#Read data correctly
mydata = read.csv(file="data/marketing.csv")
head(mydata)
#Correlation Matrix
corr = cor(mydata [c(2,4,6)])
corr=cor(mydata [2:6])
corr
sales radio paper tv pos
sales 1.0000000 0.97713807 -0.28306828 0.95797025 0.01264860
radio 0.9771381 1.00000000 -0.23835848 0.96609579 0.06040209
paper -0.2830683 -0.23835848 1.00000000 -0.24587896 -0.09006241
tv 0.9579703 0.96609579 -0.24587896 1.00000000 -0.03602314
pos 0.0126486 0.06040209 -0.09006241 -0.03602314 1.00000000
#install.packages("corrplot")
#install.packages("corrgram")
#library(corrgram)
#library(corrplot)
corrplot(corr)
Error in corrplot(corr) : could not find function "corrplot"
#Extract all variables
pos = mydata$pos
paper = mydata$paper
tv = mydata$tv
sales = mydata$sales
radio = mydata$radio
#Plot of Radio and Sales using plot command from Worksheet 4
plot(radio,sales)
#Simple Linear Regression
reg <- lm(sales ~ radio)
#Summary of Model
summary(reg)
Call:
lm(formula = sales ~ radio)
Residuals:
Min 1Q Median 3Q Max
-1732.85 -198.88 62.64 415.26 637.70
Coefficients:
Estimate Std. Error t value Pr(>|t|)
(Intercept) -9741.92 1362.94 -7.148 1.17e-06 ***
radio 347.69 17.83 19.499 1.49e-13 ***
---
Signif. codes: 0 ‘***’ 0.001 ‘**’ 0.01 ‘*’ 0.05 ‘.’ 0.1 ‘ ’ 1
Residual standard error: 571.6 on 18 degrees of freedom
Multiple R-squared: 0.9548, Adjusted R-squared: 0.9523
F-statistic: 380.2 on 1 and 18 DF, p-value: 1.492e-13
#Plot Radio and Sales
plot(radio,sales)
#Add a trend line plot using the linear model we created above
abline(reg,col="blue",lwd=2)
List some observations from this plot.
This graph shows that as sales increase, so does radio.
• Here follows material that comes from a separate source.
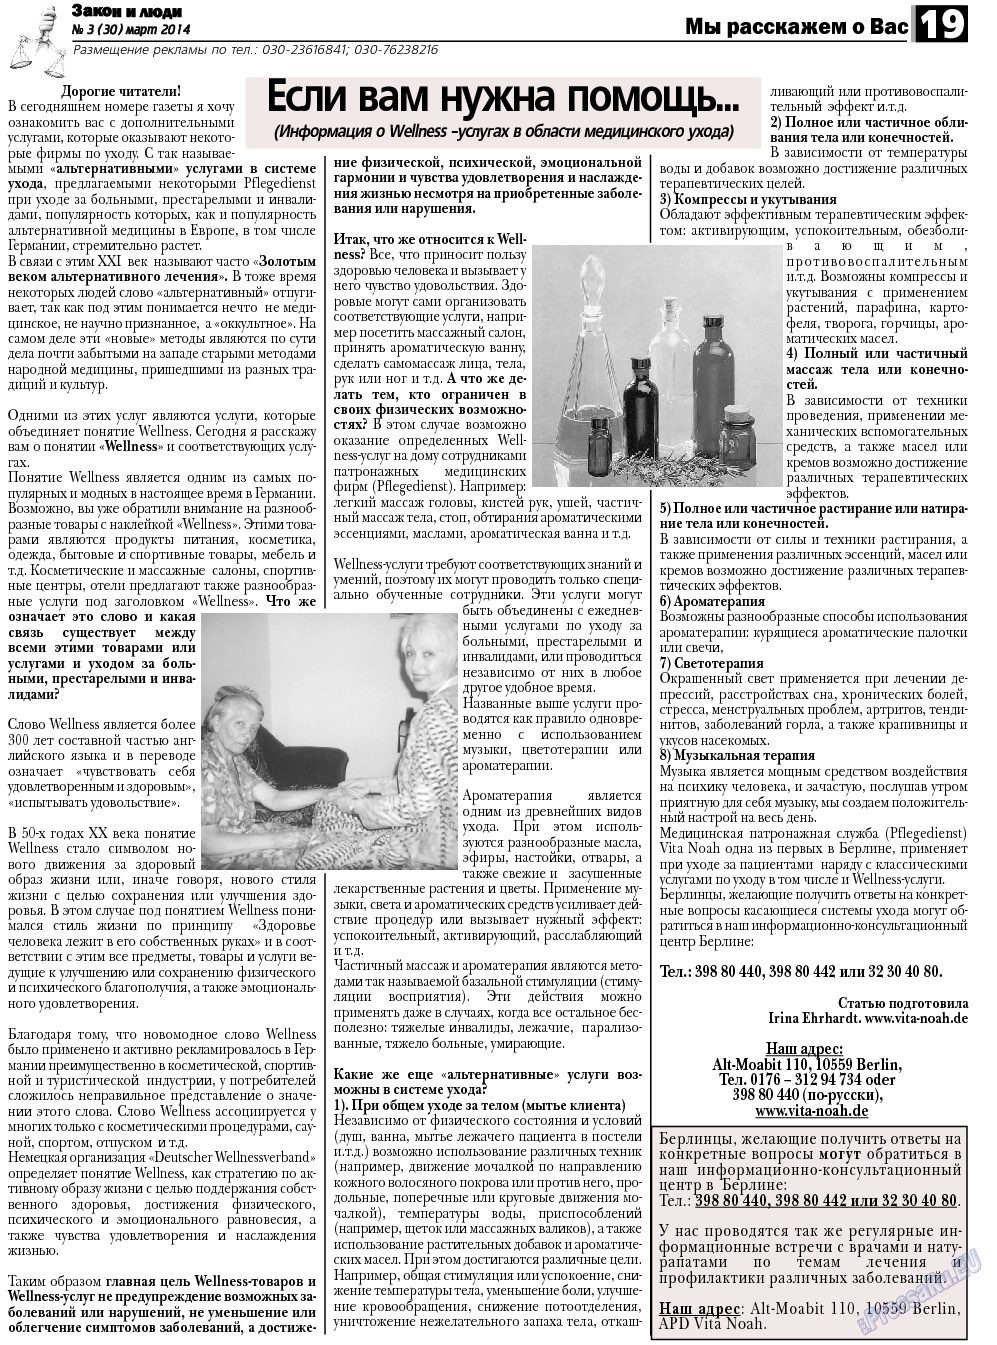 Закон и люди (газета). 2014 год, номер 3, стр. 19

#Multiple Linear Regression Model
mlr1 <-lm(sales ~ radio + tv)
#Summary of Multiple Linear Regression Model
summary(mlr1)
Call:
lm(formula = sales ~ radio + tv)
Residuals:
Min 1Q Median 3Q Max
-1729.58 -205.97 56.95 335.15 759.26
Coefficients:
Estimate Std. Error t value Pr(>|t|)
(Intercept) -17150.46 6965.59 -2.462 0.024791 *
radio 275.69 68.73 4.011 0.000905 ***
tv 48.34 44.58 1.084 0.293351
---
Signif. codes: 0 ‘***’ 0.001 ‘**’ 0.01 ‘*’ 0.05 ‘.’ 0.1 ‘ ’ 1
Residual standard error: 568.9 on 17 degrees of freedom
Multiple R-squared: 0.9577, Adjusted R-squared: 0.9527
F-statistic: 192.6 on 2 and 17 DF, p-value: 2.098e-12
For mlr1, the R-Squared values is 0.9577 and the Adj R-Squared is 0.9527.
#mlr2 = Sales predicted by radio, tv, and pos
mlr2 <-lm(sales ~ radio + tv + pos)
summary(mlr2)
Call:
lm(formula = sales ~ radio + tv + pos)
Residuals:
Min 1Q Median 3Q Max
-1748.20 -187.42 -61.14 352.07 734.20
Coefficients:
Estimate Std. Error t value Pr(>|t|)
(Intercept) -15491.23 7697.08 -2.013 0.06130 .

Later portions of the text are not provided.